Но век – это практически невозможно долгое время для того, чтобы поддерживать веру. Представьте, каково было Ною все эти годы – каждый день его обзывали сумасшедшим, каждый день он отдавал себя без остатка (вкладывая свой труд, свои ресурсы, свои помыслы) тому, что нельзя было доказать. Чем больше времени проходило с повеления Бога, чем более «отдаленным» ощущался его приказ, тем, вероятно, труднее было поддерживать необходимую преданность делу. Это наверняка требовало постоянного внутреннего диалога и неиссякаемого количества просьб о прощении. Стало бы наше гражданское население участвовать в затемнении ради войны, которой суждено было случиться лишь через сто лет?
И все же Ною повезло больше, чем нам. На постройку ковчега у нас осталось намного меньше века, может быть, у нас осталось лет десять, чтобы осуществить все изменения, которые мы еще не сподобились честно обсудить друг с другом или с самими собой. И, в отличие от Ноя, нам придется делать это без веры. Нам предстоит не только заставить себя действовать, нам нужно выбрать, какой ковчег соорудить, – и все это без указаний свыше. Наш ковчег может быть космическим кораблем для колонизации Марса. Он может быть банком семян, чтобы начать все заново после коллапса растительной жизни, или банком ДНК, чтобы начать все заново после коллапса жизни животной. Он может быть актом коллективного самоубийства. Или волной коллективного действия.

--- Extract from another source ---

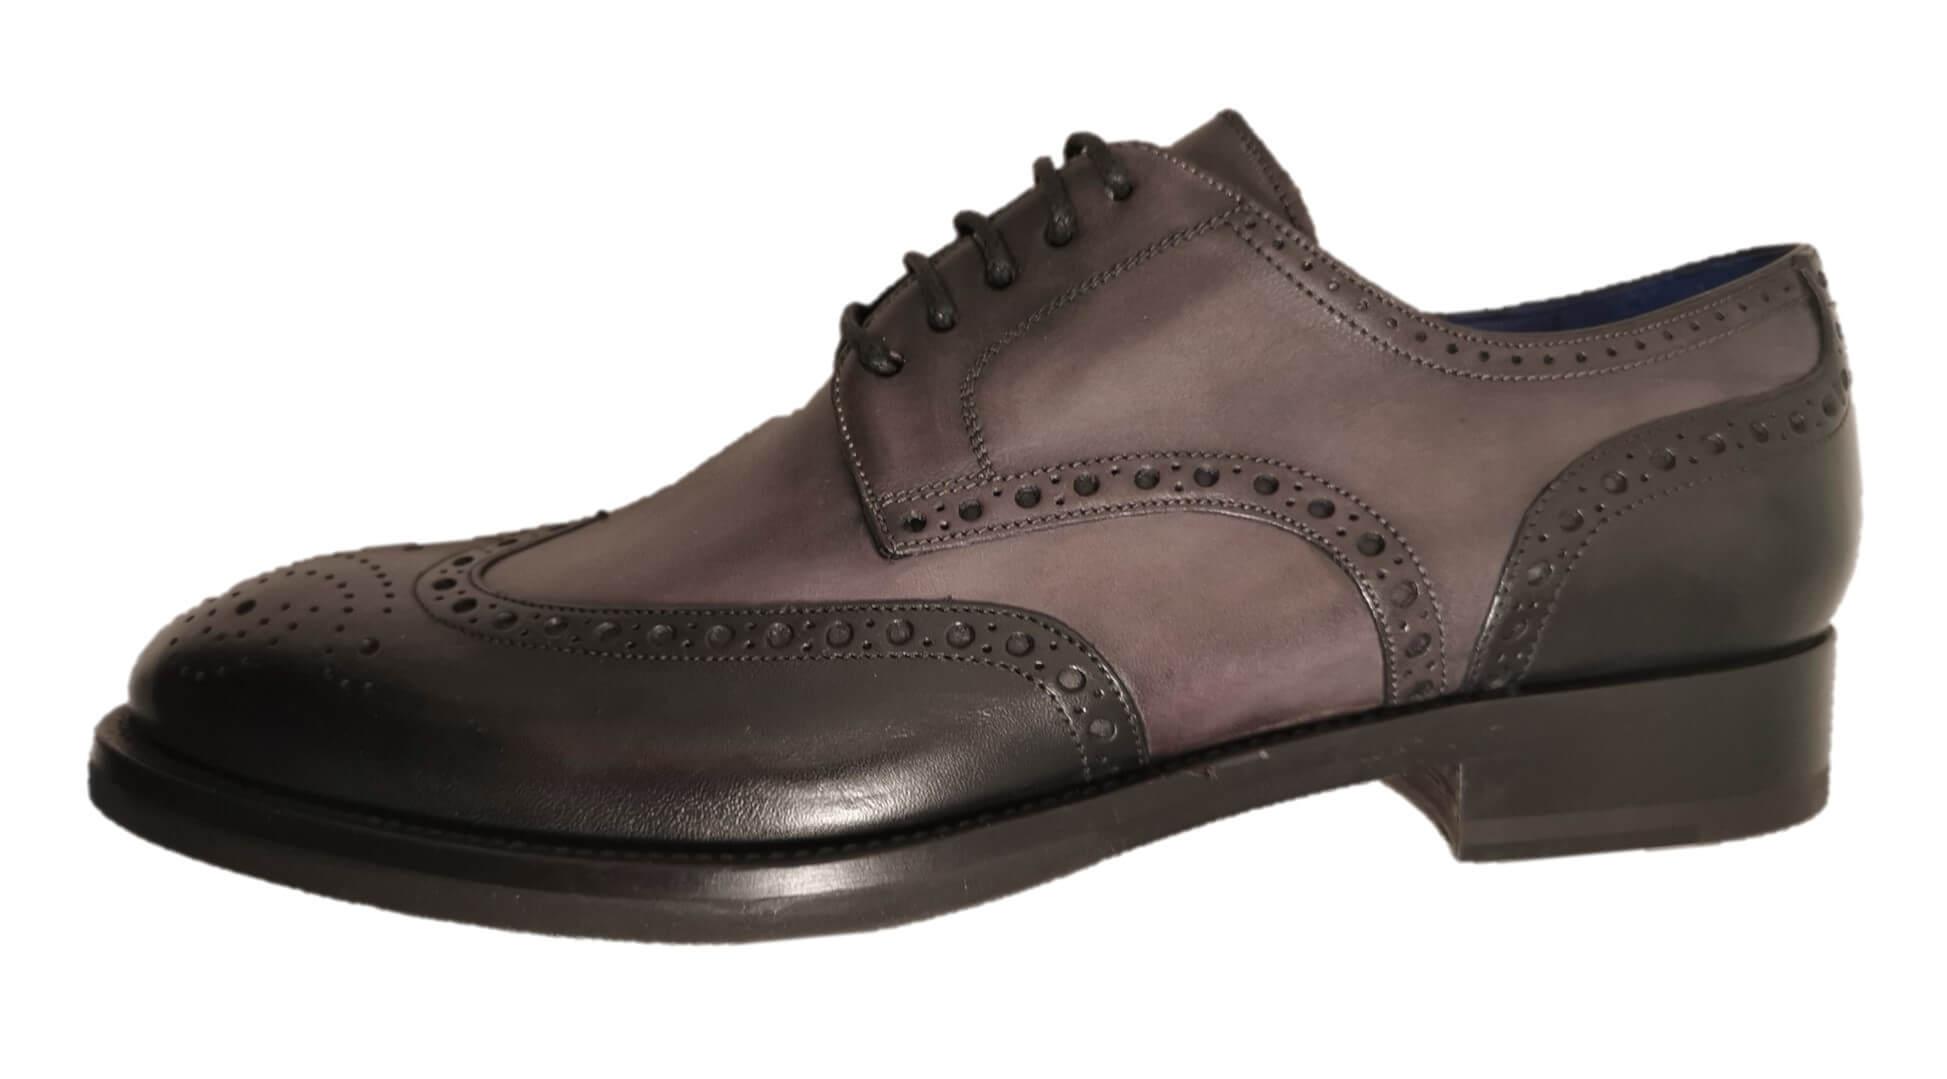 Black blake shoes

После того как вода схлынула, Бог явил радугу в качестве символа своего завета всему сущему никогда больше не разрушать землю – отныне эта планета станет нашим единственным домом. «Я полагаю радугу мою в облаке в знак Завета между мною и Землею, и отныне, когда наведу я на Землю облако, в облаке явится радуга. И тогда я вспомню Завет мой между мною и вами и всяким живым созданием во всякой плоти, и никогда больше вода не обернется Потопом во истребление всякой плоти. И будет радуга в облаке, и я увижу ее, чтобы помнить вечный Завет между Богом и всеми живыми созданиями во всякой плоти, какая есть на Земле».

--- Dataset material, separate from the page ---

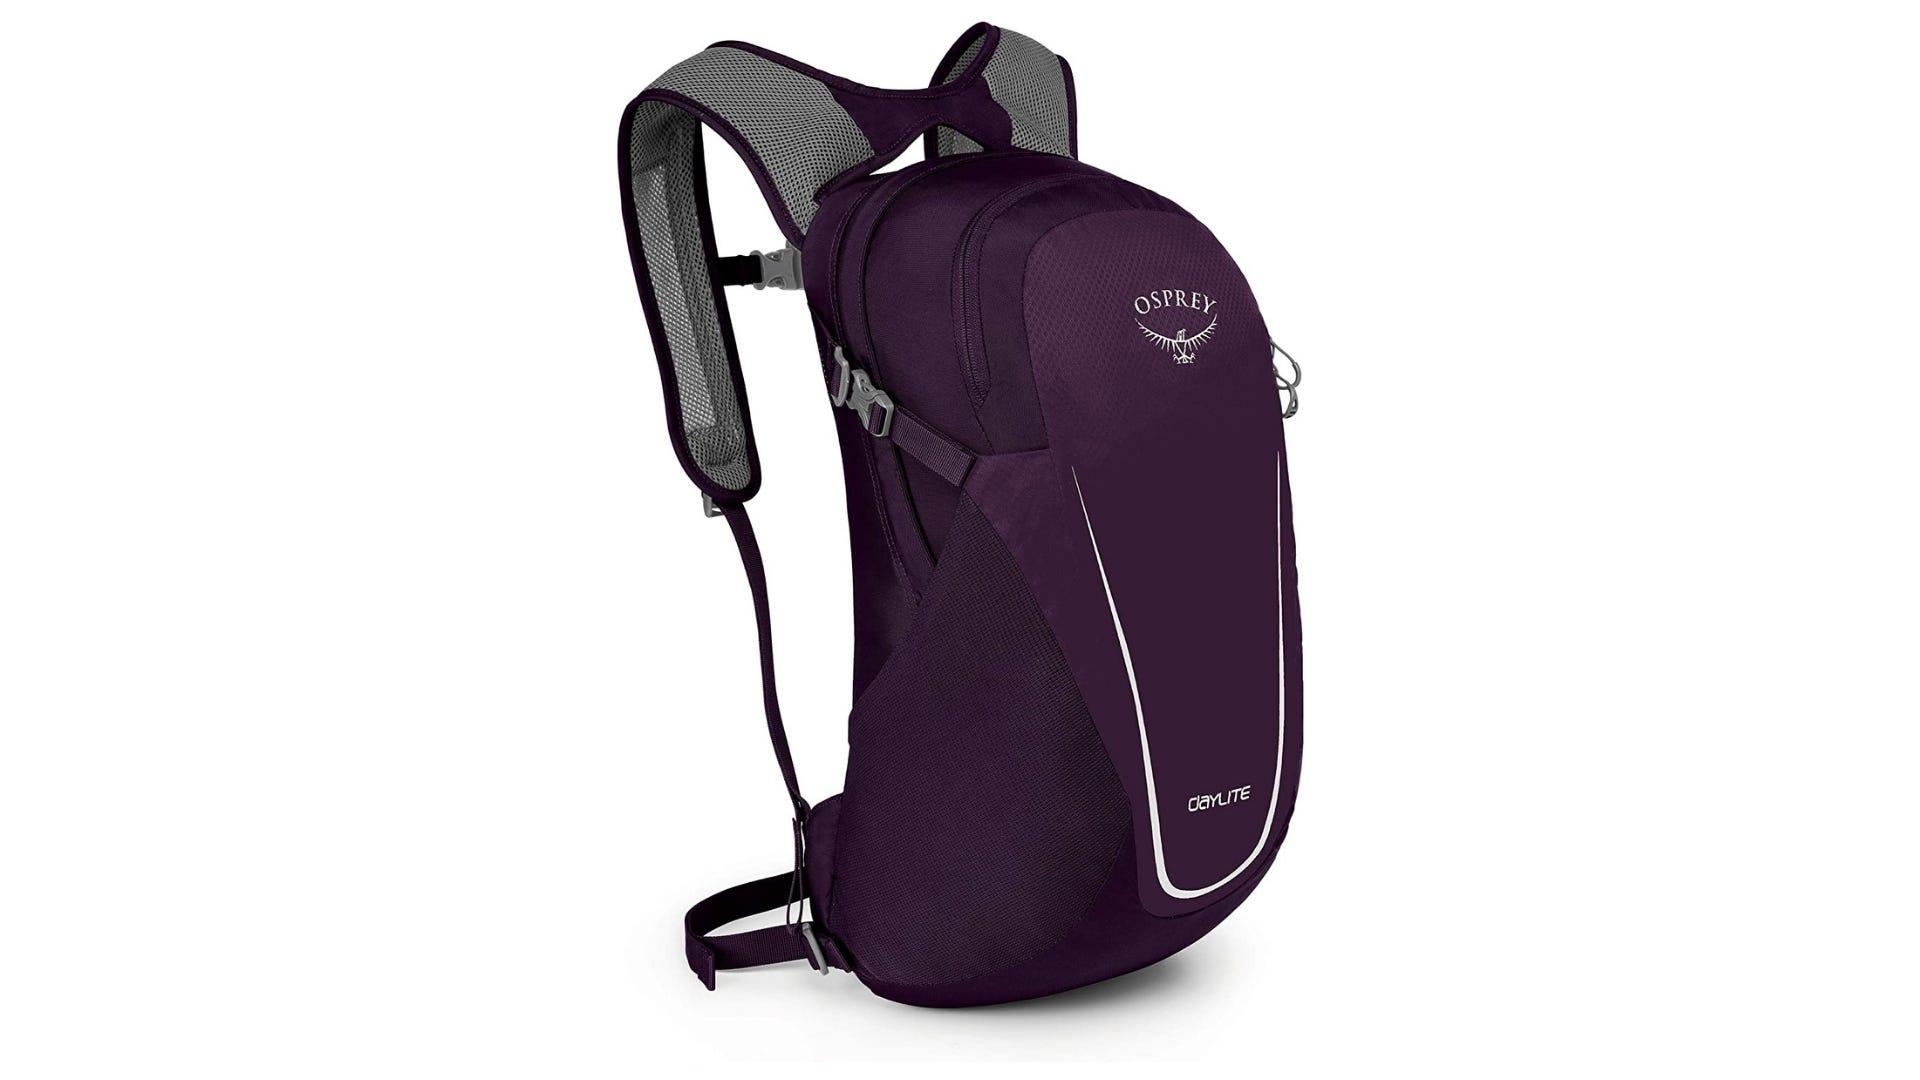 The purple Osprey Daylite backpack.

Бог использует слово «помнить» дважды. Странно, что всемогущей силе могла понадобиться помощь в том, чтобы по недостатку памяти не истребить свое самое важное создание. Бог Торы забывчив, и ему требуются напоминания – стоны рабов в Египте, символы его заветов, – и он ясно дает понять, что это напоминание для Него. Но это не «записка самому себе» на листке из блокнота на прикроватной тумбочке. Напоминание Богу эффектно и публично – оно в буквальном смысле пишется на небесах. Поэтому, каково бы ни было предназначение радуги, это памятка в том числе и для Ноя. Для человечества. Нам напоминается, что Бог сотворил с нами и для нас и что Бог нам обещал. Больше того, радуга напоминает нам о возможности уничтожения, что в свою очередь заставляет вспомнить о чем-то настолько важном, что оно не должно нуждаться в напоминаниях, но именно из-за этой чрезвычайной важности нуждается в напоминании больше, чем что-либо другое: мы не хотим быть уничтоженными.

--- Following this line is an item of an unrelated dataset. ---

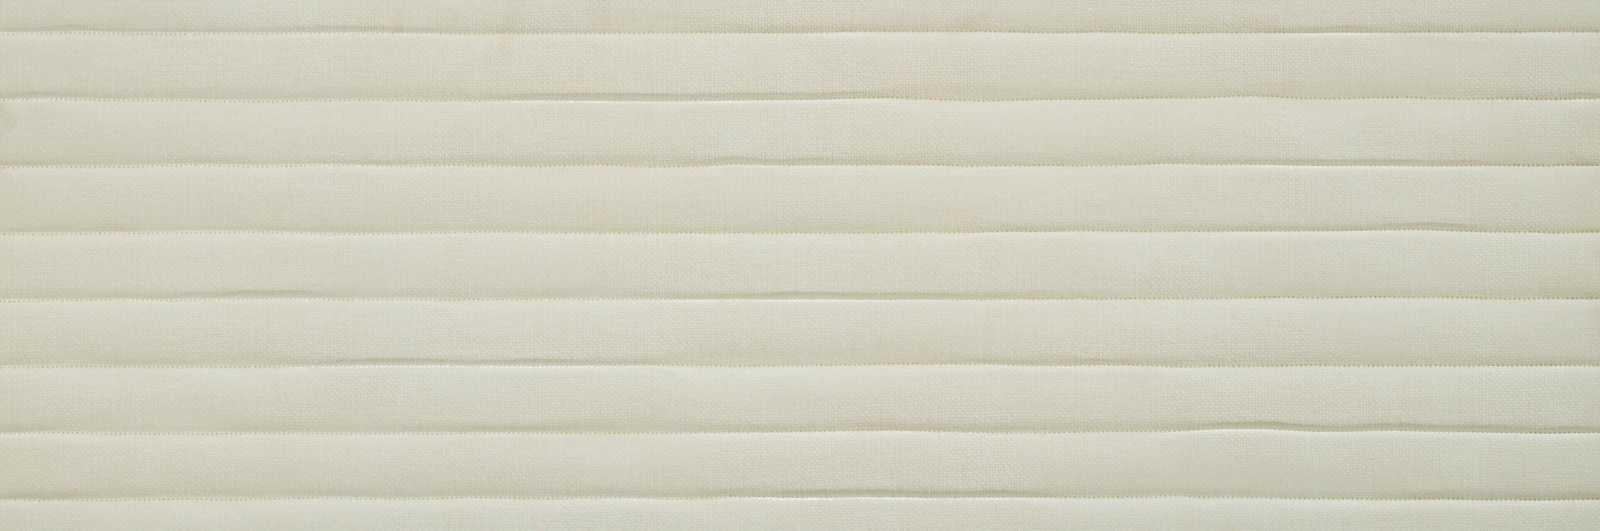 Декорни плочки Fabric Linen Decoro Lux 40x120

В глобальном масштабе от самоубийств гибнет больше людей[317], чем от войн, убийств и природных катастроф, вместе взятых. Мы с большей вероятностью рискуем убить себя, чем быть убиты, и в этом смысле должны бояться себя больше, чем боимся других. Из радуги может получиться веревка: можно бросить ее утопающему, а можно связать в петлю.
Никто, кроме нас, не уничтожит Землю, и никто, кроме нас, ее не спасет. Самые безнадежные ситуации побуждают к самым обнадеживающим действиям. Мы нашли способы восстановить жизнь на Земле в случае ее полного коллапса, потому что мы нашли способы вызвать полный коллапс жизни на Земле. Мы сами – и потоп и ковчег.
Утром 14 апреля 2018 года адвокат по защите гражданских прав Дэвид Бакел зашел в ту часть бруклинского Проспект-парка, в которую я тысячи раз заходил сам. Когда я жил в том районе, именно там я часто выгуливал собаку, играл со своими детьми или просто бродил, собираясь с мыслями. В пять пятьдесят пять утра Бакел отправил электронное сообщение в новостные агентства, поясняя принятое им решение. Потом облил себя бензином и поджег.
По словам его супруга и друзей, он не страдал депрессией. И у него хватило присутствия духа, чтобы оставить как минимум четыре отдельных сообщения с объяснением своего акта. Самое краткое из них гласило: «Я, Дэвид Бакел, только что совершил самоубийство через самосожжение в знак протеста».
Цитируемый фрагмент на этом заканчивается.